Novembre 2020, sur une piste en herbe à 1.300 ft d’altitude et une température de 10° C, un pilote de DR-400 Regent décolle, avec à son bord, trois passagers, La piste offre 550 m de longueur disponible au décollage. Le QFU inverse aurait ajouté 50 m de plus et il n’y a pas 1 kt de vent.
Le commandant de bord expérimenté de 105 heures au total et 19 heures sur le Robin s’aligne, effectue un décollage sur freins avec 15° de volets. Vérification du régime en statique, après avoir affiché pleins gaz, il lâche les freins et le DR400 accélère normalement. D’après les images enregistrées par la caméra de l’aérodrome, le décollage intervient dès 300 m de roulage.
Mais une fois l’avion en vol, le CDB constate que son aéronef a du mal à prendre de la hauteur et ne parvient pas à accélérer au-delà de 60 Kt. Voyant les arbres en bout de piste, il décide d’interrompre le vol et repose l’appareil juste avant l’extrémité de la piste. Appareil au sol, il freine mais le DR400 glisse sur l’herbe humide. Actionnant les freins par à-coups pour ne pas glisser, le pilote n’arrive pas à contrôler l’arrêt et son DR400 s’immobilise dans un bosquet. Les occupants sont sains et saufs mais l’aéronef est endommagé.
Le pilote n’a perçu aucune perte de puissance durant la course au décollage et lors de la rotation. Le rapport mentionne que le pilote avait bien calculé son devis de masse et centrage, la masse maximale autorisée au décollage avait une valeur inférieure aux limites. Le centrage était bien compris dans l’enveloppe. Pour les performances de décollage, le manuel de vol du Robin indique que l’exploitation sur des pistes en herbe sèche augmente la distance de roulement et de décollage de 15%.
Le rapport précise que le manuel de vol du Robin n’indique aucun facteur à prendre en compte pour une piste en herbe humide mais qu’il est d’usage de multiplier par 1,3 la distance nominale. Sur les valeurs de distance de décollage sur piste en herbe sèche, le pilote avait bien ajouté 15%, obtenant ainsi une distance de roulage et de décollage de 662 m pour passer les obstacles en bout de piste. Une faible marge de sécurité, puisque la piste mesurait 600 m.
Le commandant de bord a indiqué avoir eu l’impression de ne pas pouvoir accélérer au-delà de 60 Kt ni monter après avoir quitté le plancher des vaches. Ainsi, le DR400 s’est retrouvé en second régime, une plage où la traînée est forte suite à une incidence importante, la puissance étant insuffisante pour prendre de la vitesse. Pour revenir en premier régime, il est impératif de diminuer la traînée, afin de diminuer l’incidence par variation d’assiette et ce, pour laisser l’avion accélérer et atteindre sa vitesse de montée, vitesse de meilleur taux de montée (Vy pour obtenir la Vz max) ou de meilleur angle de montée (Vx), cette dernière à tenir compte en présence d’obstacles sous la montée initiale.

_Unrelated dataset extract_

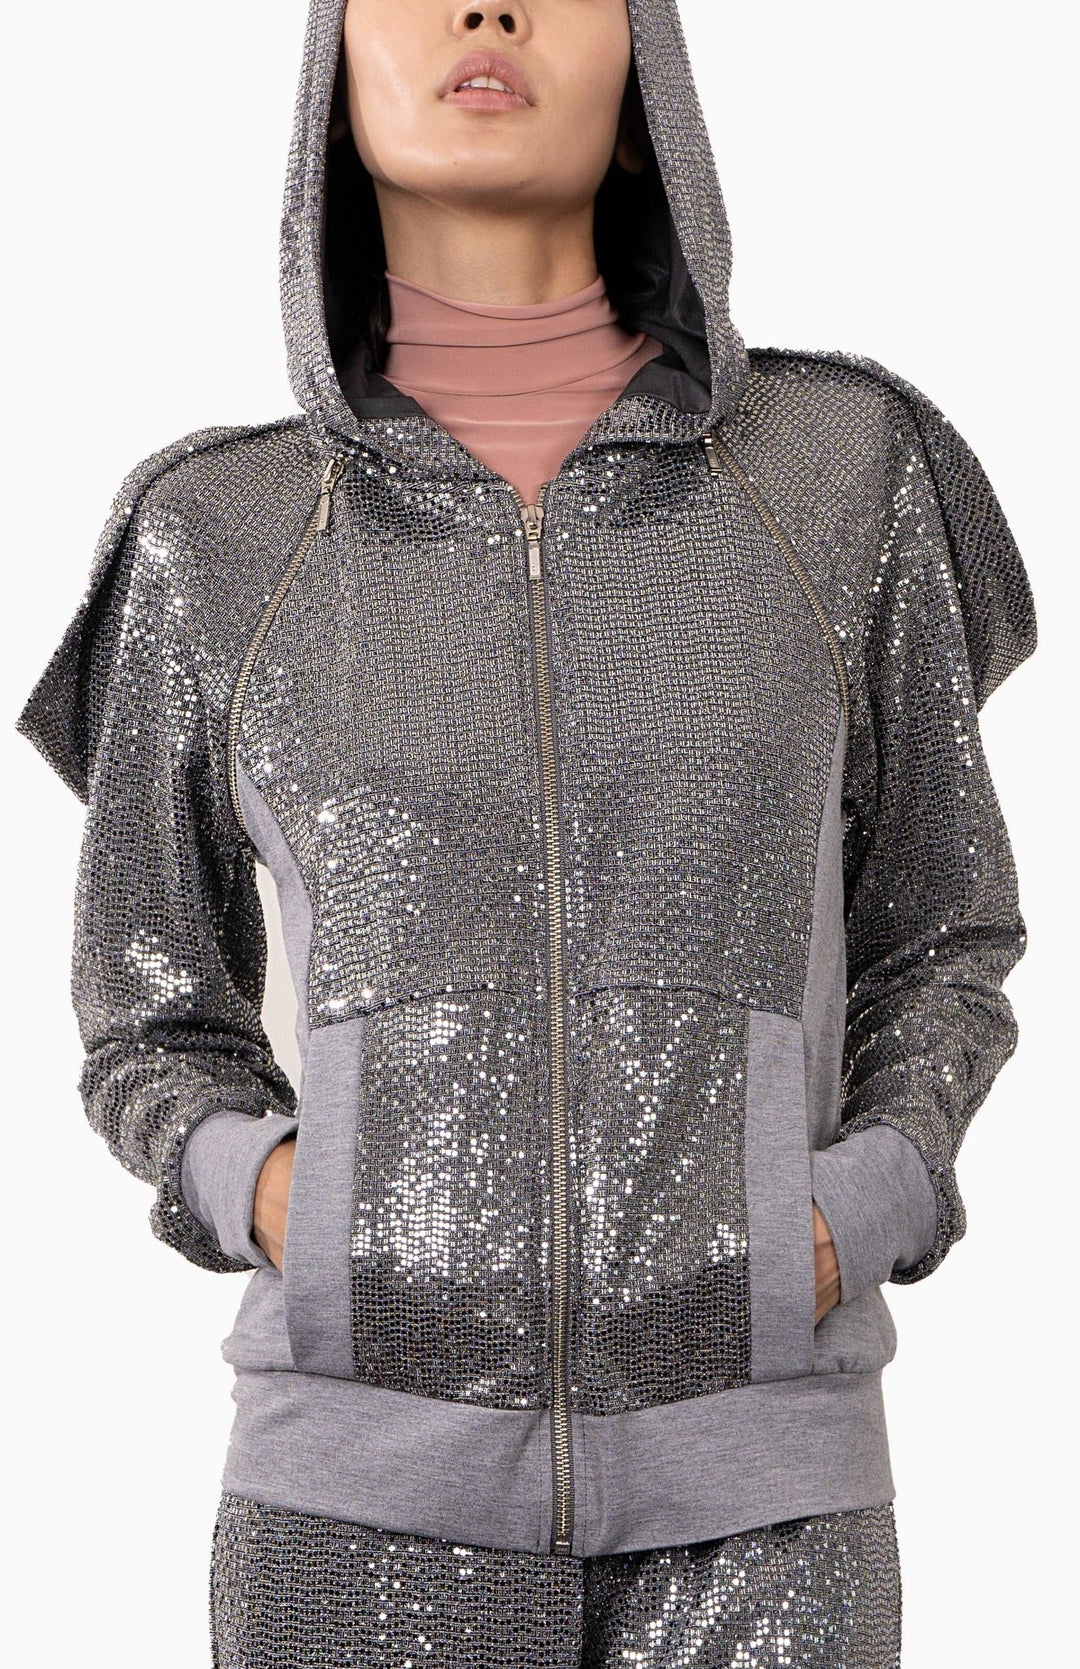 Designer,  silver, futuristic, sequin hoodie with an oversized, lined hood, decorative zippers and draped shoulders. Worn over matching silver sequin joggers

Le rapport émet donc l’hypothèse que le pilote, ait effectuée une rotation trop hâtive, puisqu’il était conscient d’une marge de sécurité très faible. Dans ce cas, l’avion se retrouve à l’extrémité de la courbe de puissance, avec un maximum de traînée et reste donc « bloqué » dans le second régime, l’empêchant de prendre de la vitesse et donc de gagner de la hauteur.
Au second régime, à incidence trop élevée, l’appareil ne peut alors pas gagner en vitesse sans perdre de hauteur car les exigences en termes de puissance nécessaire sont très proches de la puissance utile. C’est le cas dans la zone critique mentionnée dans la partie gauche du dessins c-dessous. Dans cette partie rouge, plus on vole doucement, plus on a besoin de puissance pour palier la traînée. La puissance varie à l’inverse de la vitesse. Ce n’est qu’après avoir passé le point de puissance minimale nécessaire au vol que la vitesse est directement proportionnelle à la puissance affichée, soit le premier régime.
Le rapport précise que « la décision du CMD de stopper le décollage était adaptée à la situation critique ». Il est dit qu’après l’atterrissage, la configuration décollage (1 cran de volets) a été maintenue, la distance de freinage aurait pu être minimisée avec les volets rentrés, la configuration lisse offrant une adhérence plus accrue. Mais l’herbe étant humide, le DR400 a dérapé, la collision avec les obstacles n’ayant pu être évitée.